Genevieve was lying still with her head turned away. She could hear her breath moving in and out of her nostrils.

“I admit, I thought part of it was exciting. I don’t remember if I came myself; we’d been drinking so much, and I don’t know if I was excited because of what he was telling me or excited because it excited him. But it was only a minute later that we were back on the mattress with my head on his bare chest, and he was stroking my backbone with his fingers as gently as if he were sorting pearls. And a few minutes later he was asleep, and I could feel my head rising and falling with his deep breathing, and in a half dream I was seeing him as a boy kneeling at the edge of the water along a lake with a pebbled beach, and turning over small stones and holding them up to the sun, and I was wondering what it was inside of him that would want to be bleeding and half-unconscious while his love was raped in front of him.”
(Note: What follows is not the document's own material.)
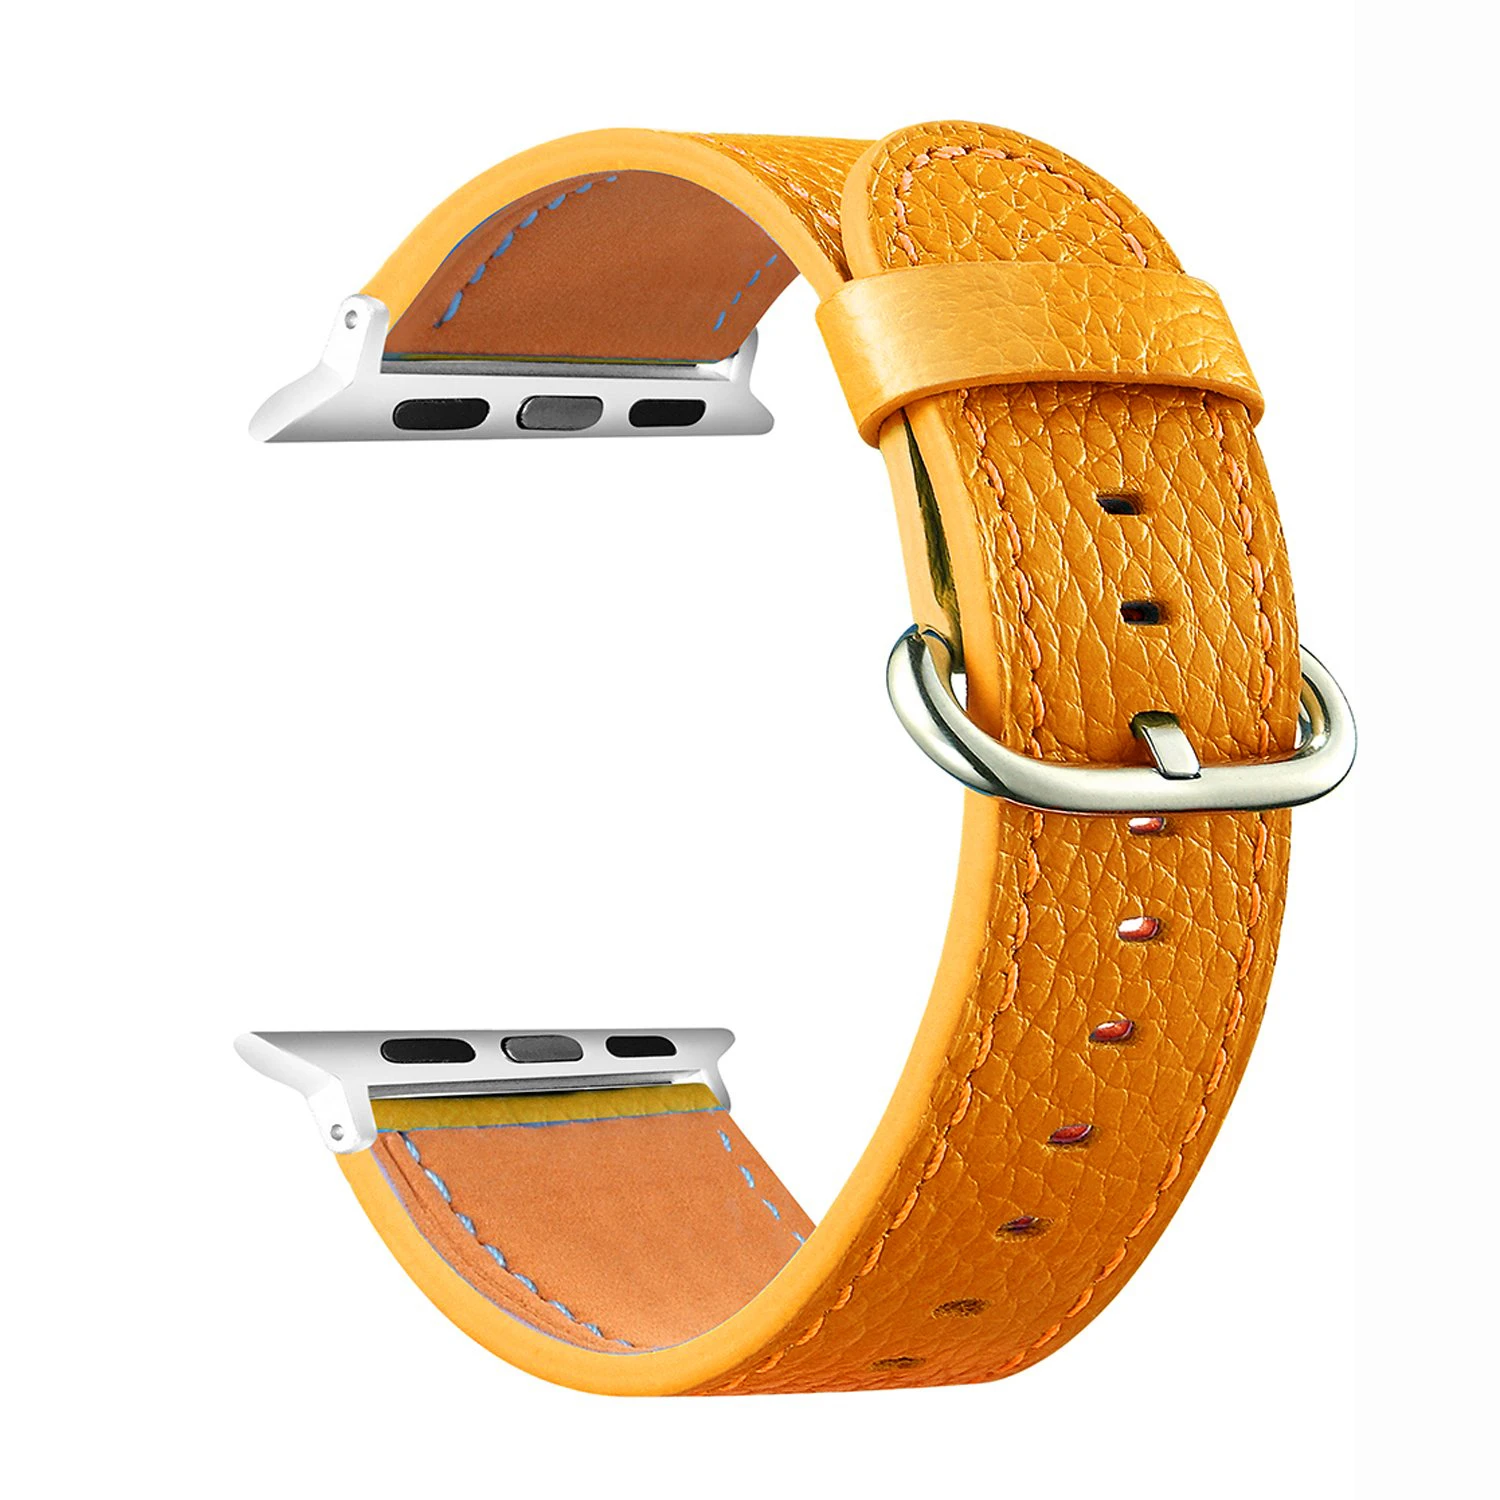 Ремешок кожаный Eastar для Apple Watch Band Series 4/3/2/1 8 цветов 42 мм 38 ремешок iwatch 5/4 40 44 |

For a full minute neither of them spoke. Finally, Genevieve said, “I wish I knew how to answer that, Claire.”

“He was only twenty. A boy. In my memory, I can see him as a boy. And when we woke the next morning, our heads hurt. We’d drunk more than we ever had. And it was late February, but it was one of those winter-into-spring days, where somehow the temperature had risen overnight, and when I walked from the bedroom to the front window, I could see the mounds of snow melting into rivers that ran down the street, and there were people outside in the sun walking without their coats on. Seth came up from behind me and was holding me while we looked out the window. A boy was out on the sidewalk kicking a soccer ball. I remember it surprised me because I didn’t think there were any families living in the neighborhood. He kept kicking it toward the front porch steps of his house, and it would careen off in different directions, and he tried to keep saving it from going into the street. I watched him for a while and then turned my head to look back at Seth. ‘What?’ he asked, but I didn’t say anything. Then I told him I wanted to take a walk.